Assignment —
Retype only the lines below from the one with "closeup of young person with arm in bandage" to the one with "Integrate with thousands of apps", inclusive, skipping every image.

Extracted entries —
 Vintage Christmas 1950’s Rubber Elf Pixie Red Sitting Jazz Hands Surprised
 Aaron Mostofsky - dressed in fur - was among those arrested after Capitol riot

* * *

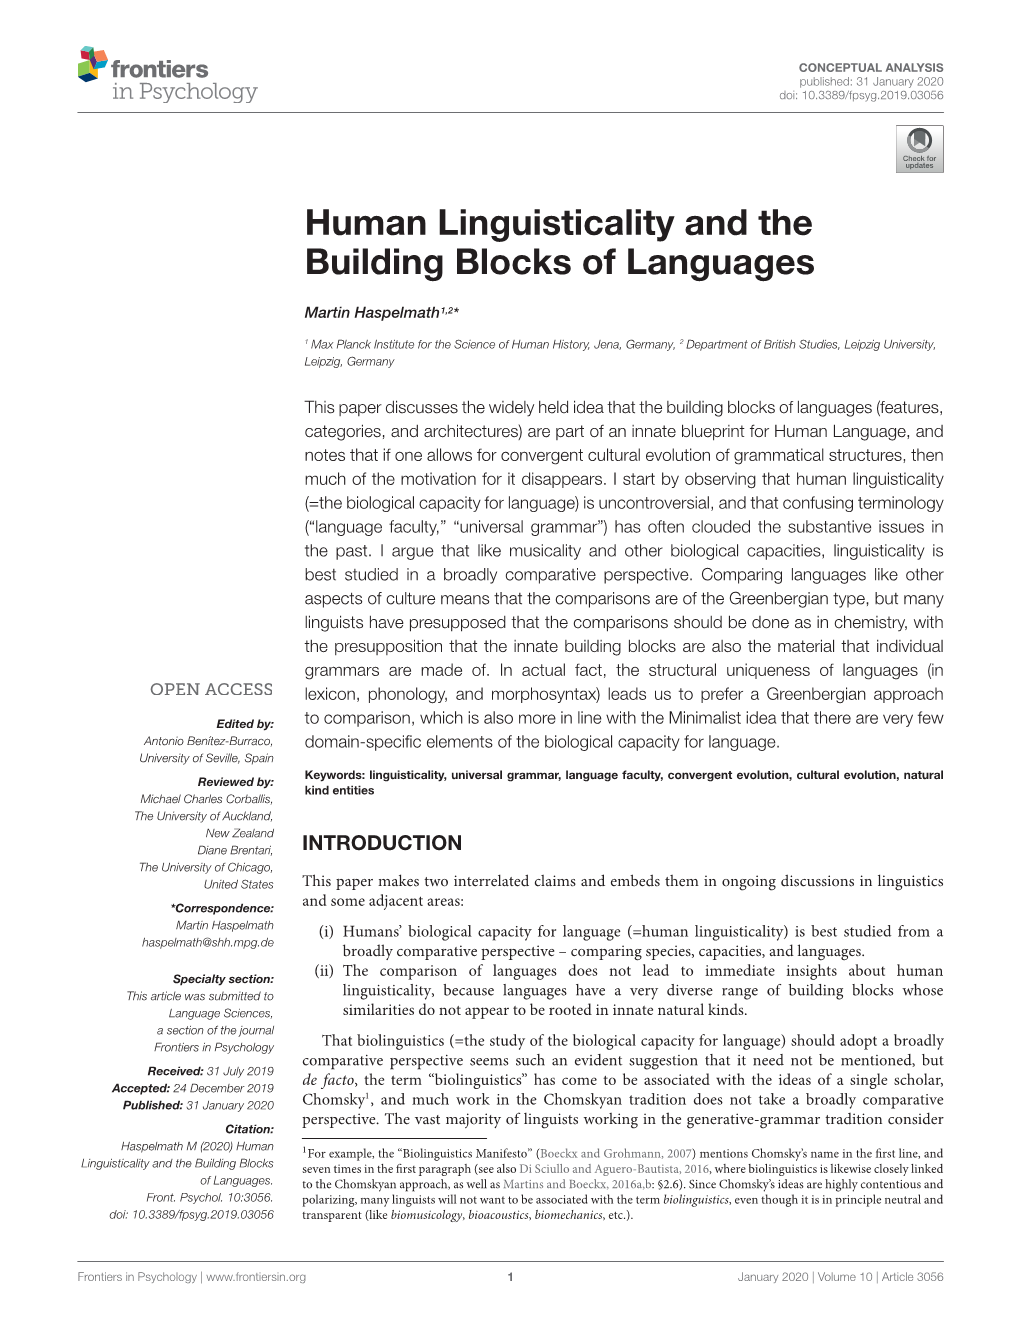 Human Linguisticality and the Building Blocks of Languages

--

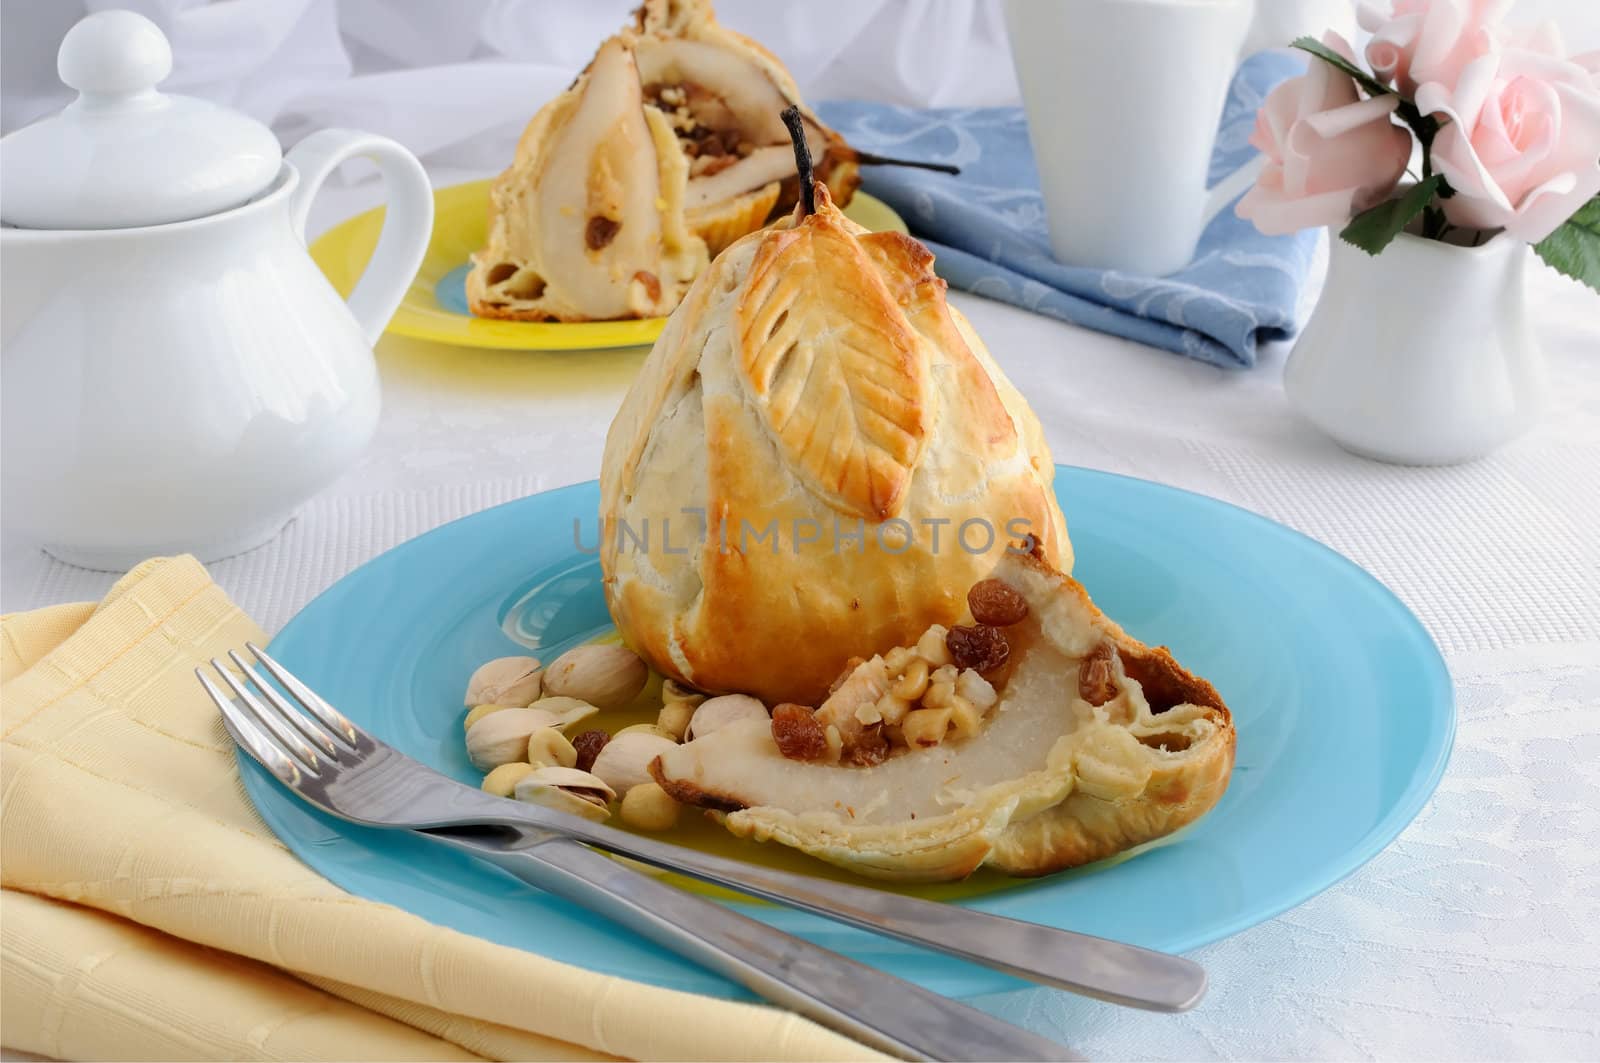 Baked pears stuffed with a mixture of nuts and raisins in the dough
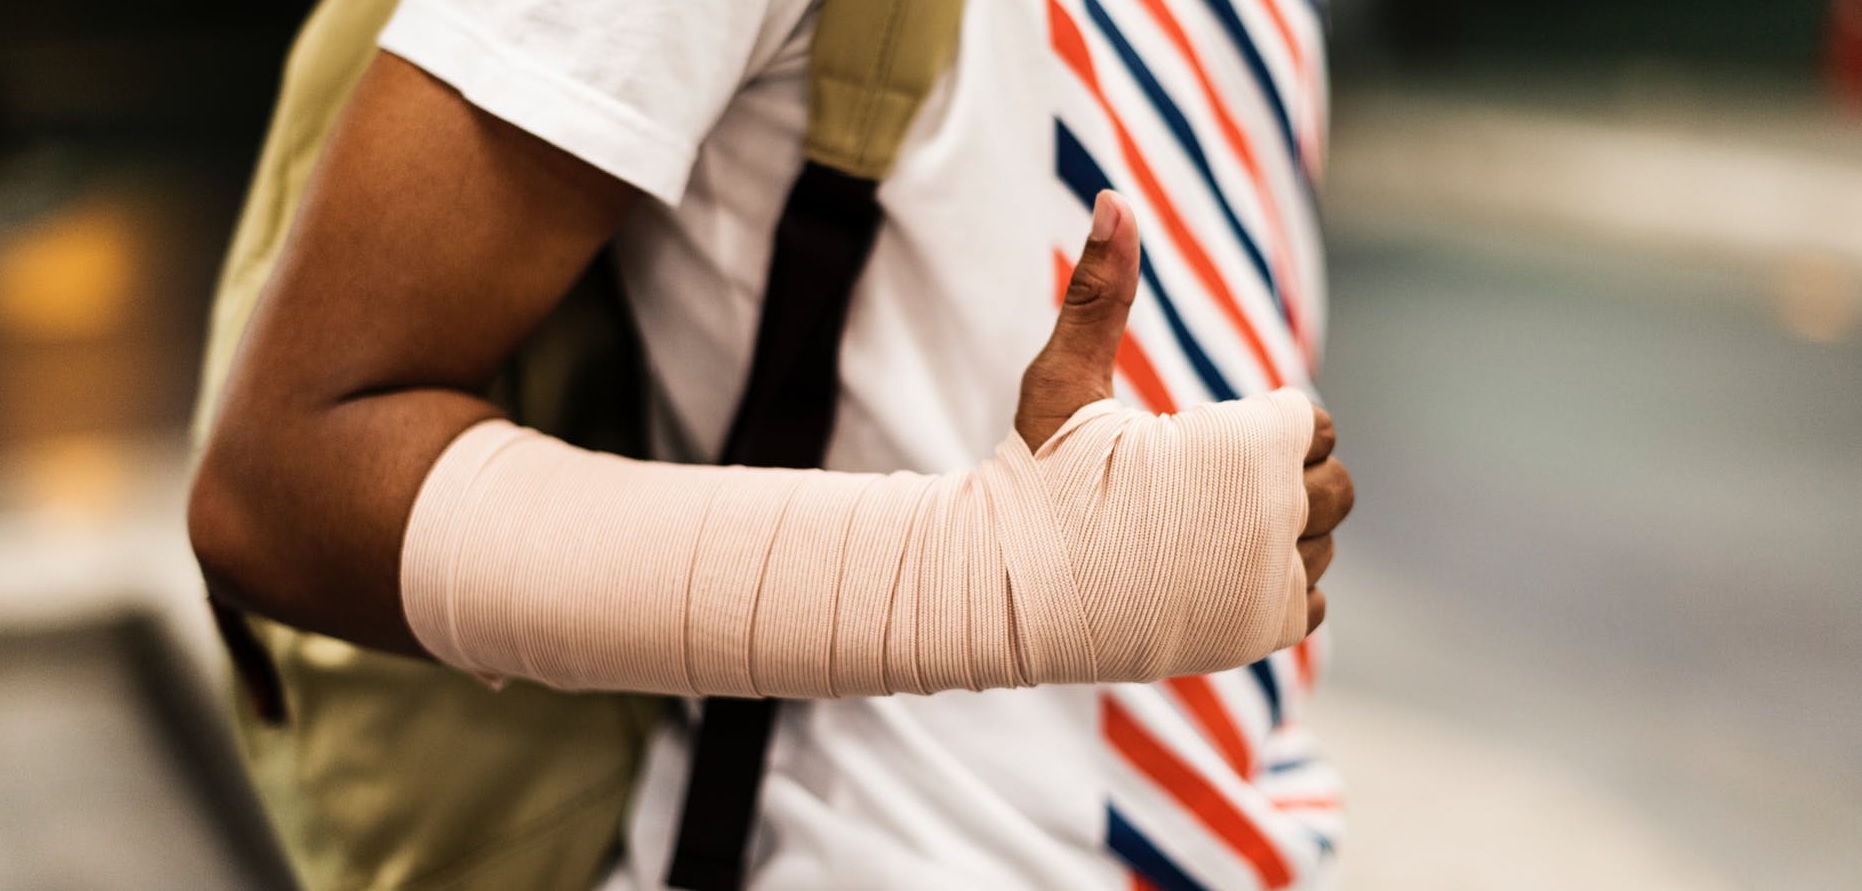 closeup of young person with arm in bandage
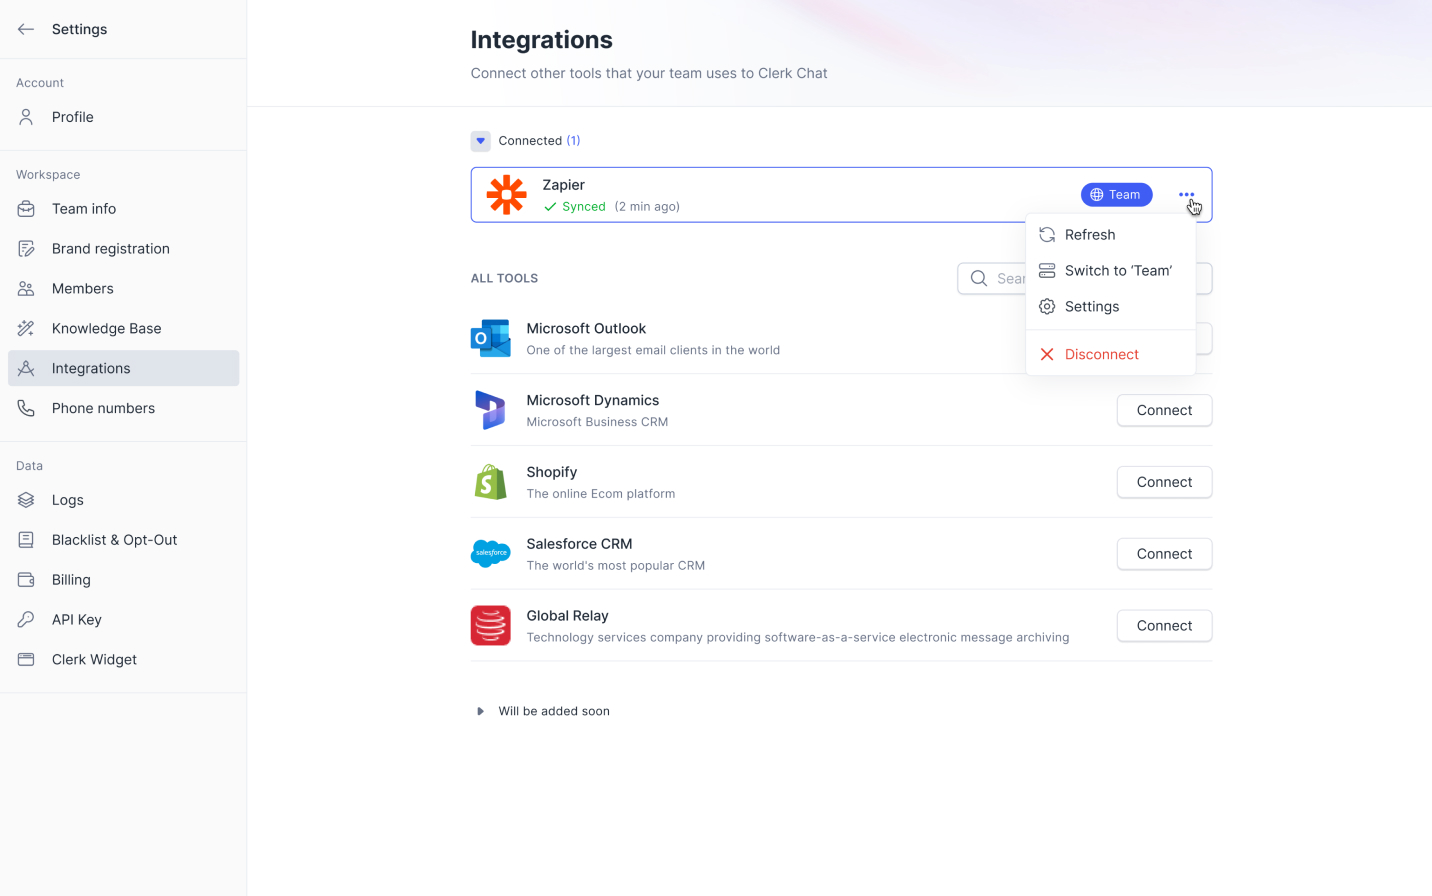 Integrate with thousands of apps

Expected answer —
 closeup of young person with arm in bandage
 Integrate with thousands of apps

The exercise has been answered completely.